Ali,
"not recommended to dedicate more than 8-10 GM to JVM heap space" by
whom? Do you have links/references establishing this? I couldn't find
anyone saying this or why.
Russ
On 10/13/2016 05:47 PM, Ali Nazemian wrote:
Hi,
I have another question regarding the hardware recommendation. As far
as I found out, Nifi uses on-heap memory currently, and it will not
try to load the whole object in memory. From the garbage collection
perspective, it is not recommended to dedicate more than 8-10 GB to
JVM heap space. In this case, may I say spending money on system
memory is useless? Probably 16 GB per each system is enough according
to this architecture. Unless some architecture changes appear in the
future to use off-heap memory as well.
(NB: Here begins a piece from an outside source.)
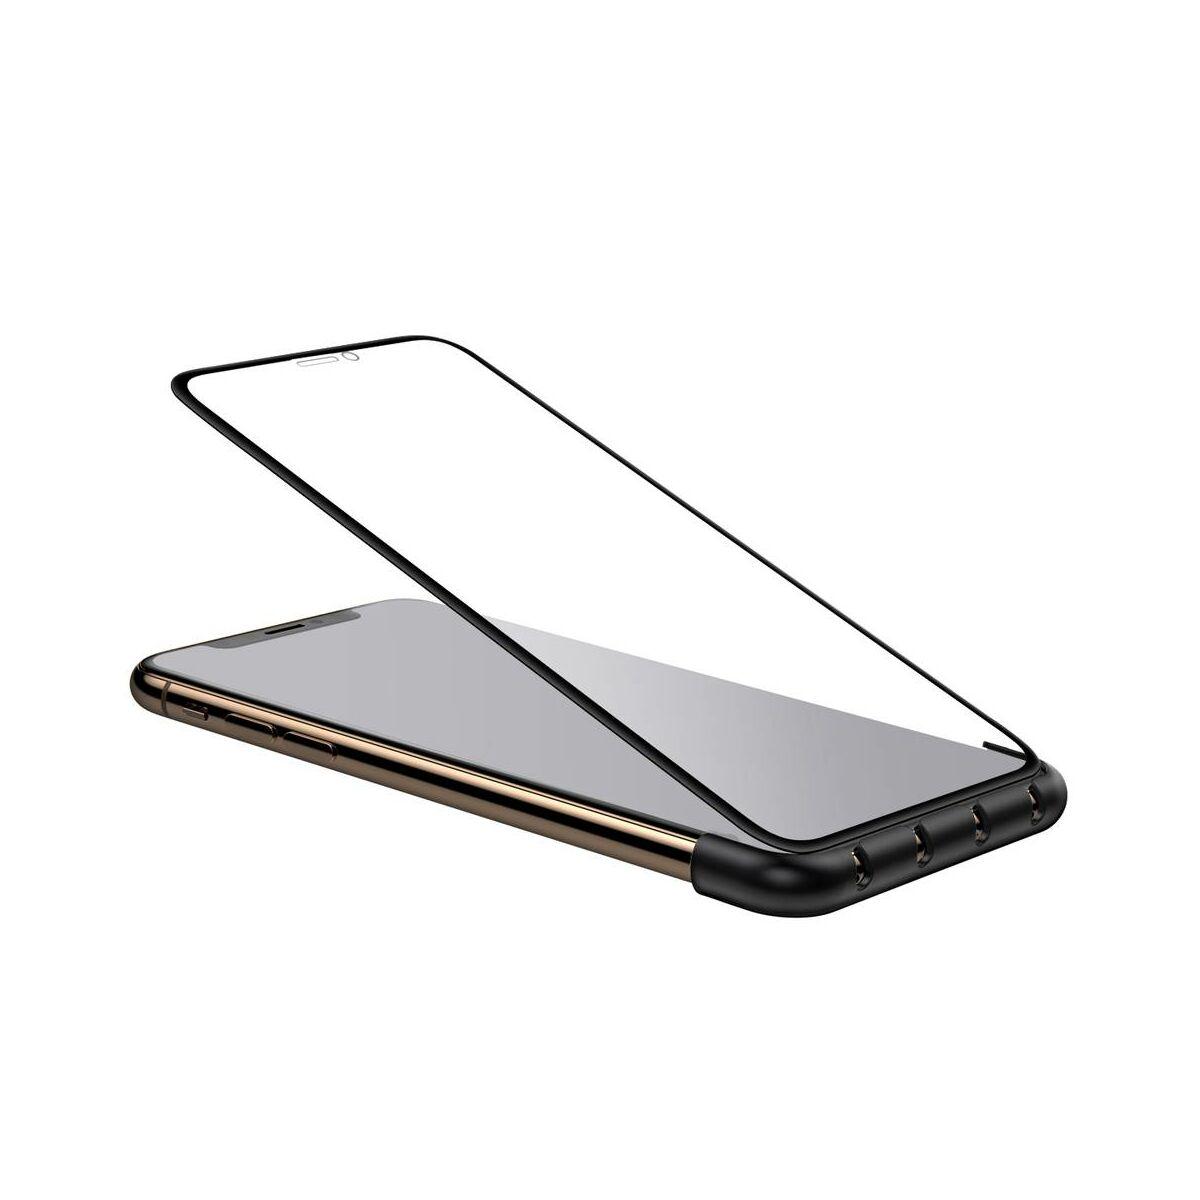 """Baseus Fixing Magic Tool kábeltartó, kijelző felhelyezéshez vezető, iPhone XS Max 6.5"""", fekete (ACAPIPH65-A01)"""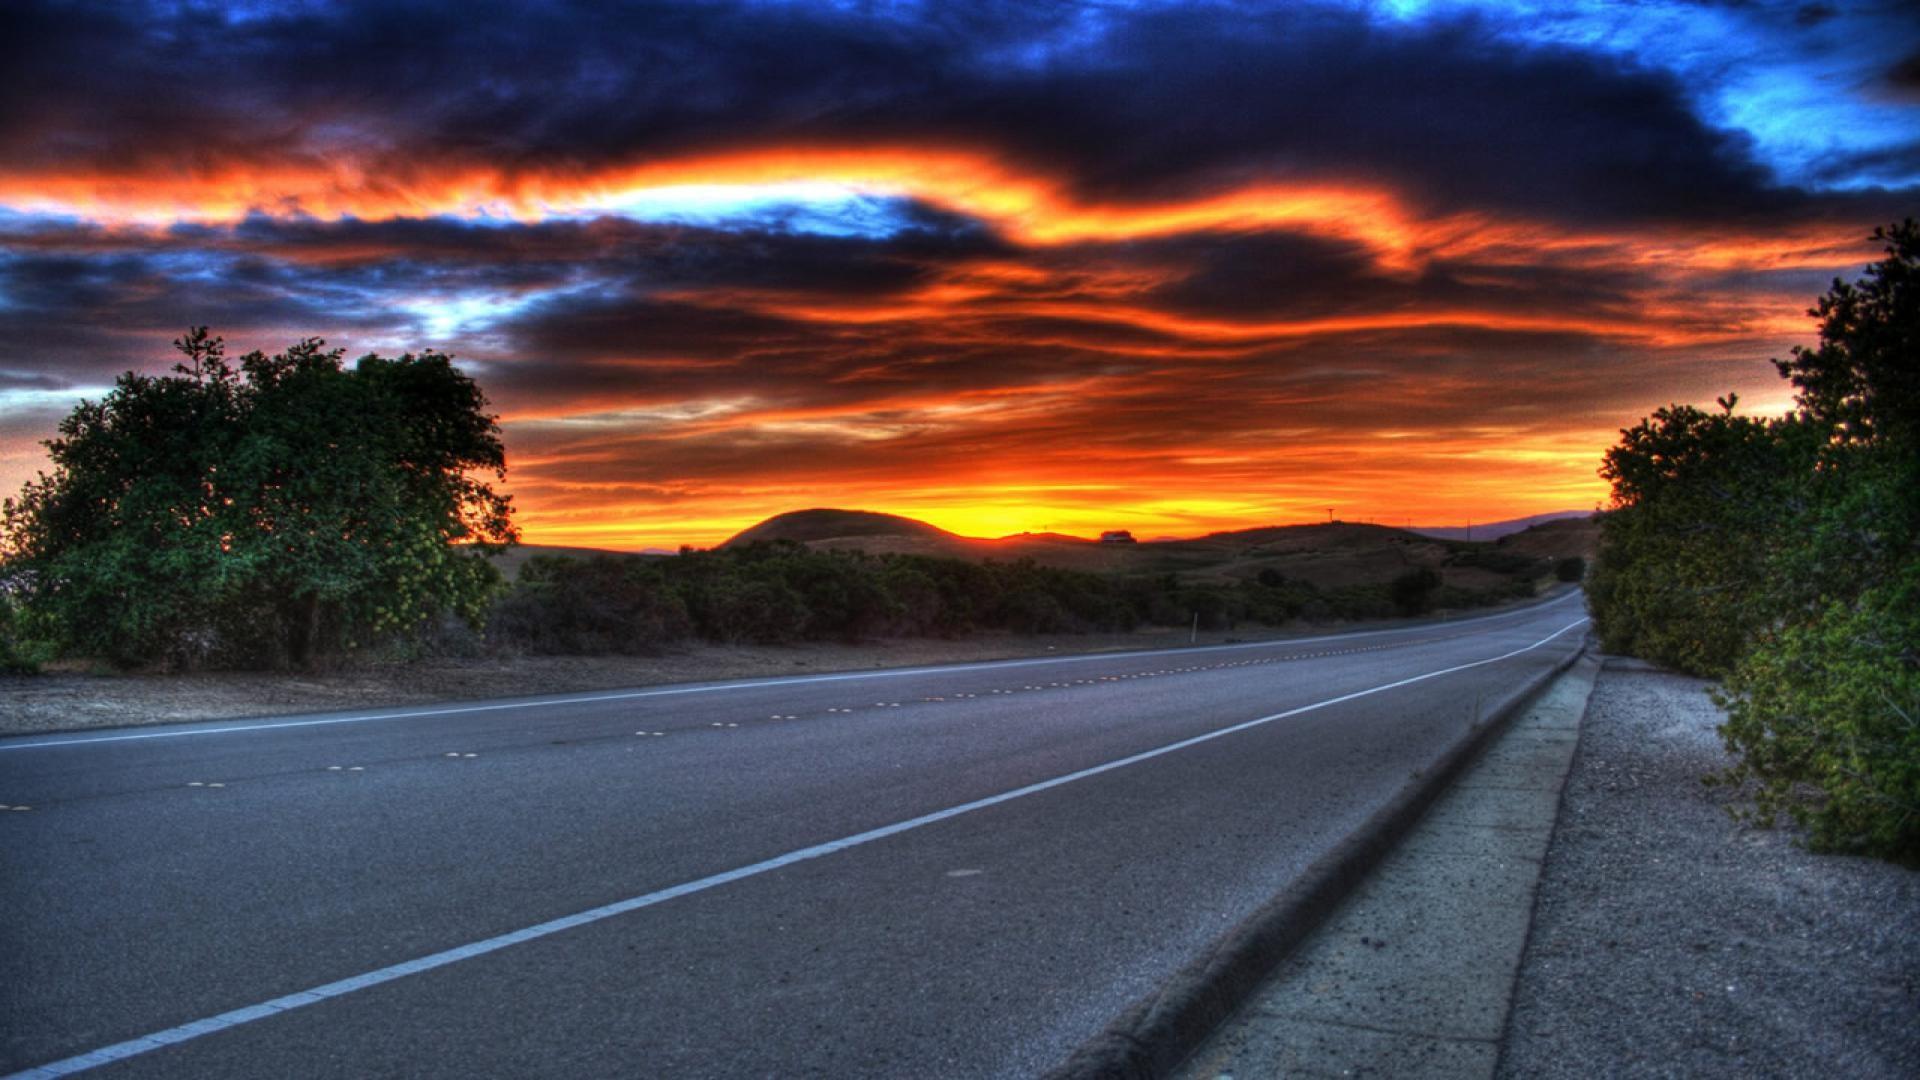 Закат над дорогой смотреть

However, I found some articles
about best practices, and in terms of memory recommendation it does
not make sense. Would you please clarify this part for me?
Thank you very much.
Best regards,
Ali
On Thu, Oct 13, 2016 at 11:38 PM, Ali Nazemian <[email protected]
<mailto:[email protected]>> wrote:
Thank you very much.
I would be more than happy to provide some benchmark results after
the implementation.
Sincerely yours,
Ali
On Thu, Oct 13, 2016 at 11:32 PM, Joe Witt <[email protected]
<mailto:[email protected]>> wrote:
Ali,
I agree with your assumption. It would be great to test that
out and provide some numbers but intuitively I agree.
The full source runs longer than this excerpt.